Hoffman-Taff, Inc
- Company type: Private
- Industry: Chemicals
- Founded: 1946; 79 years ago in Springfield, Missouri, United States
- Defunct: December 1, 1969
- Fate: Acquired by Syntex Agribusiness
- Area served: United States
- Key people: Walter H. Hoffman (President); James E. Rundell (Vice President);
- Products: Agent Orange, Prist, Pantoplex
- Parent: Syntex Agribusiness

= Hoffman-Taff =

Missouri based Chemical Company

Hoffman-Taff was a Missouri chemical company founded in 1946 most well known for its role in the Times Beach Hazmat Incident. During the years it operated the company produced several products, including Agent Orange for the Vietnam War, Prist, a fuel additive for deicing, and Pantoplex, an animal feed fortifier.

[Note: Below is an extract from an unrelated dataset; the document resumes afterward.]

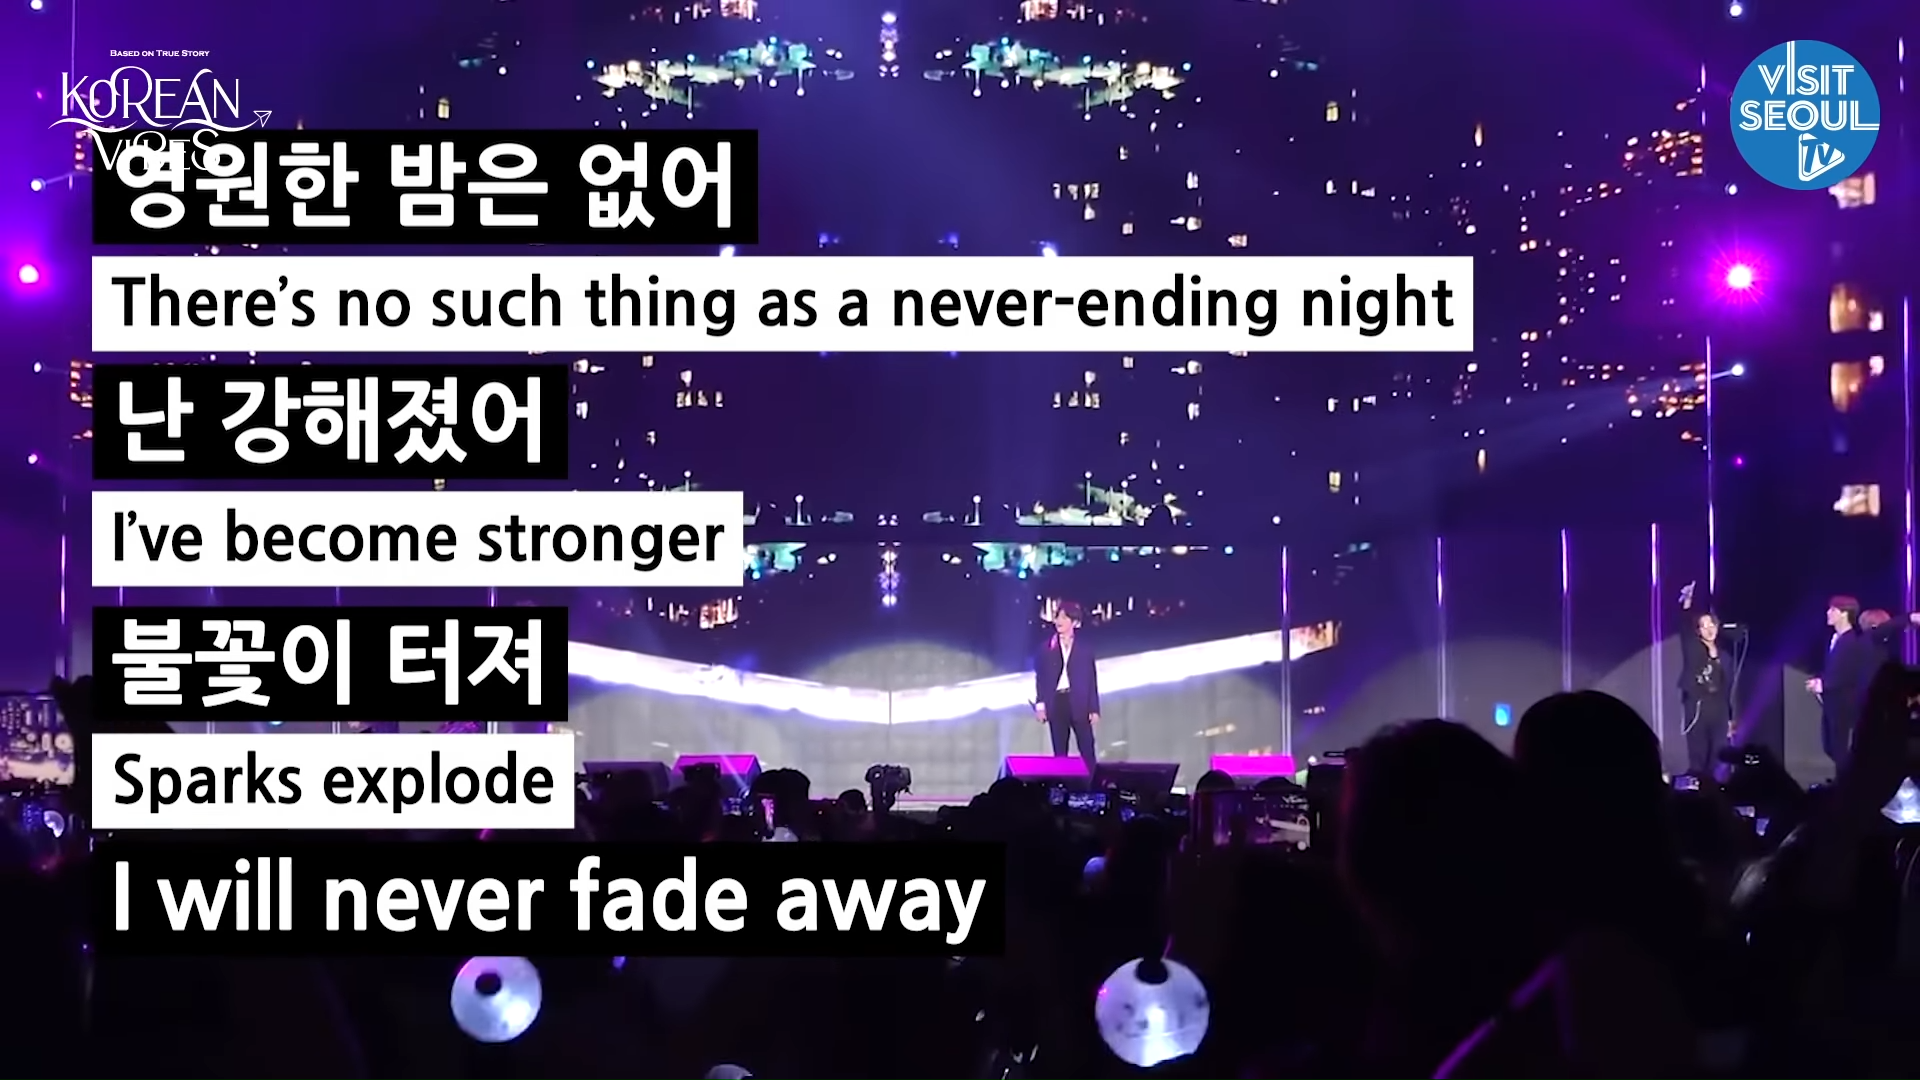 BTS - Dis-ease Explained by a Korean 10-22 screenshot
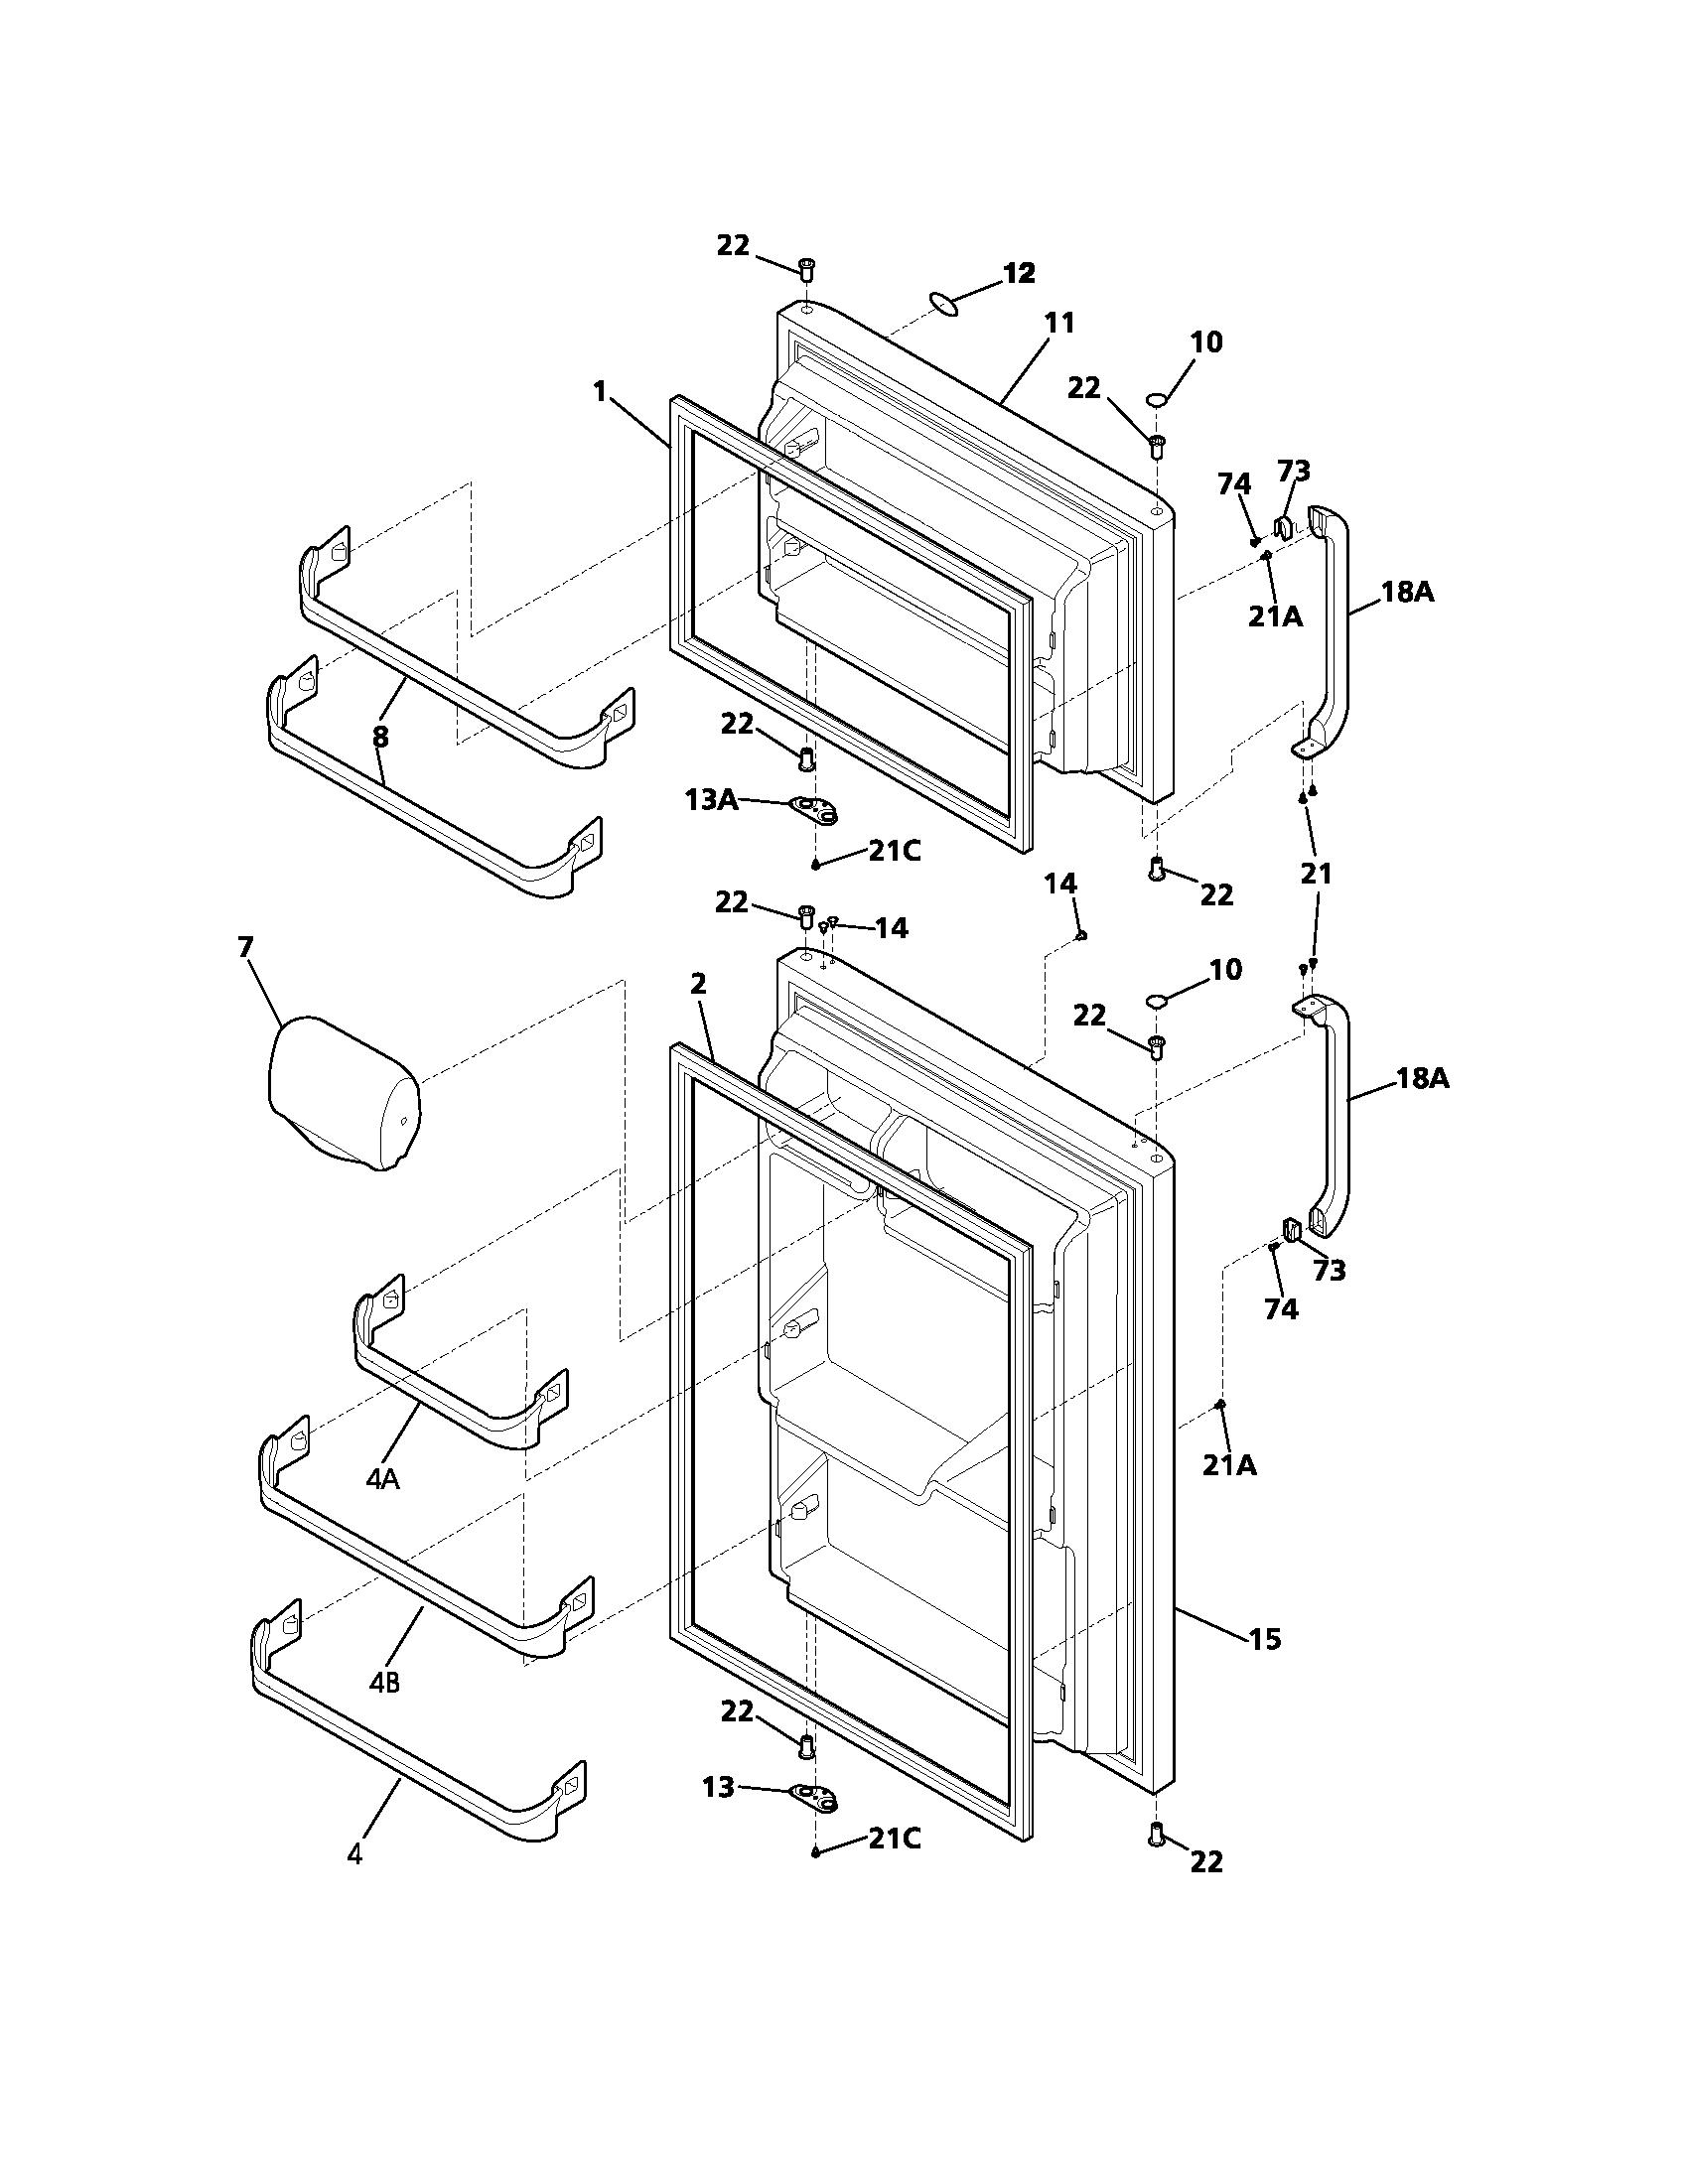 DOOR Diagram & Parts List for Model frt15b3aw5 Frigidaire

In 1969 Syntex Agribusiness bought the company and its assets.

== Verona, Missouri Production Facility ==
The Verona, Missouri production facility was used by the company for multiple products, however, most notably it was the facility used to produce Agent Orange. In addition part of the facility was leased to NEPACCO for the production of Hexachlorophene, the byproduct of which was mishandled by both NEPACCO and the contractor in charge of disposal, contaminating the facility and Times Beach, Missouri.

Hoffman-Taff built and began operating the site in 1949. In 1968 part of the facility was leased to NEPACCO, and in 1969 the facility and Hoffman-Taff was acquired by Syntex. NEPACCO operated at the site until 1972, when Hexachlorophene was banned by the FDA following a number of deaths attributed to the chemical. In 1983 the EPA placed the site on the Superfund National Priorities List.

As of 2019 the facility has been split in two, the part previously operated by NEPACCO is now owned by BCP Ingredients, with the other now owned by Euticals, Inc. BCP continues to manufacture chemicals using the facility.